The original `VGG` network had 5 convolutional blocks, among which the first two have one convolutional layer each and the latter three contain two convolutional layers each. The first block has 64 output channels and each subsequent block doubles the number of output channels, until that number reaches $512$. Since this network uses $8$ convolutional layers and $3$ fully-connected layers, it is often called `VGG-11`.

In [4]:
conv_arch = ((1, 64), (1, 128), (2, 256), (2, 512), (2, 512))
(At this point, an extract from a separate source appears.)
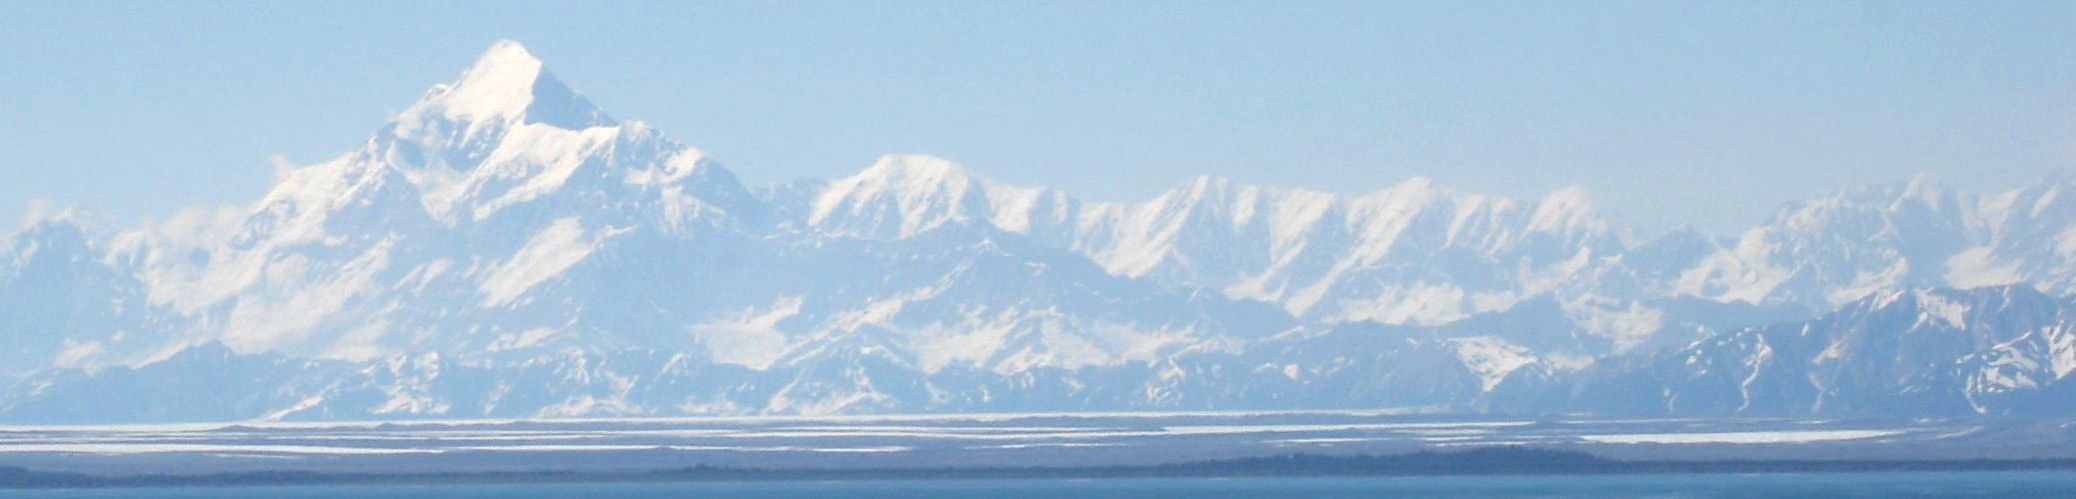 Mt. Saint Elias, Alaska

The following code implements `VGG-11`. This is a simple matter of executing a for loop over `conv_arch`.

In [5]:
def vgg(conv_arch):
    net = nn.Sequential()
    # The convolutional layer part
    for (num_convs, num_channels) in conv_arch:
        net.add(vgg_block(num_convs, num_channels))
    # The fully connected layer part
    net.add(nn.Dense(4096, activation='relu'), nn.Dropout(0.5),
            nn.Dense(4096, activation='relu'), nn.Dropout(0.5),
            nn.Dense(10))
    return net

net = vgg(conv_arch)

Next, we will construct a single-channel data example with a height and width of 224 to observe the output shape of each layer.

In [6]:
net.initialize()
X = np.random.uniform(size=(1, 1, 224, 224))
for blk in net:
    X = blk(X)
    print(blk.name, 'output shape:\t', X.shape)

sequential1 output shape:	 (1, 64, 112, 112)
sequential2 output shape:	 (1, 128, 56, 56)
sequential3 output shape:	 (1, 256, 28, 28)
sequential4 output shape:	 (1, 512, 14, 14)
sequential5 output shape:	 (1, 512, 7, 7)
dense0 output shape:	 (1, 4096)
dropout0 output shape:	 (1, 4096)
dense1 output shape:	 (1, 4096)
dropout1 output shape:	 (1, 4096)
dense2 output shape:	 (1, 10)


As you can see, we halve height and width at each block, finally reaching a height and width of 7 before flattening the representations for processing by the fully-connected layer.

### 7.2.3 Model Training
Since `VGG-11` is more computationally-heavy than `AlexNet` we construct a network with a smaller number of channels. This is more than sufficient for training on `Fashion-MNIST`.

In [9]:
ratio = 4
small_conv_arch = [(pair[0], pair[1] // ratio) for pair in conv_arch]
net = vgg(small_conv_arch)
# net.summary

In [10]:
net.initialize()
X = np.random.uniform(size=(1, 1, 224, 224))
for blk in net:
    X = blk(X)
    print(blk.name, 'output shape:\t', X.shape)

sequential19 output shape:	 (1, 16, 112, 112)
sequential20 output shape:	 (1, 32, 56, 56)
sequential21 output shape:	 (1, 64, 28, 28)
sequential22 output shape:	 (1, 128, 14, 14)
sequential23 output shape:	 (1, 128, 7, 7)
dense9 output shape:	 (1, 4096)
dropout6 output shape:	 (1, 4096)
dense10 output shape:	 (1, 4096)
dropout7 output shape:	 (1, 4096)
dense11 output shape:	 (1, 10)


Apart from using a slightly larger learning rate, the model training process is similar to that of `AlexNet` in the last section.

In [None]:
lr, num_epochs, batch_size = 0.05, 10, 128,
train_iter, test_iter = d2l.load_data_fashion_mnist(batch_size, resize=224)
d2l.train_ch6(net, train_iter, test_iter, num_epochs, lr)

##### Summary
+ `VGG-11` constructs a network using reusable convolutional blocks. Different `VGG` models can be defined by the differences in the number of convolutional layers and output channels in each block.
+ The use of blocks leads to very compact representations of the network definition. It allows for efficient design of complex networks.
+ In their work Simonyan and Ziserman experimented with various architectures. In particular, they found that several layers of deep and narrow convolutions (i.e., $3 \times 3$) were more effective than fewer layers of wider convolutions.

##### Exercises
1. When printing out the dimensions of the layers we only saw 8 results rather than 11. Where did the remaining 3 layer informations go?
2. Compared with `AlexNet`, `VGG` is much slower in terms of computation, and it also needs more GPU memory. Try to analyze the reasons for this.
3. Try to change the height and width of the images in Fashion-MNIST from 224 to 96. What influence does this have on the experiments?
4. Refer to Table 1 in (`Simonyan & Zisserman, 2014`) to construct other common models, such as `VGG-16` or `VGG-19`.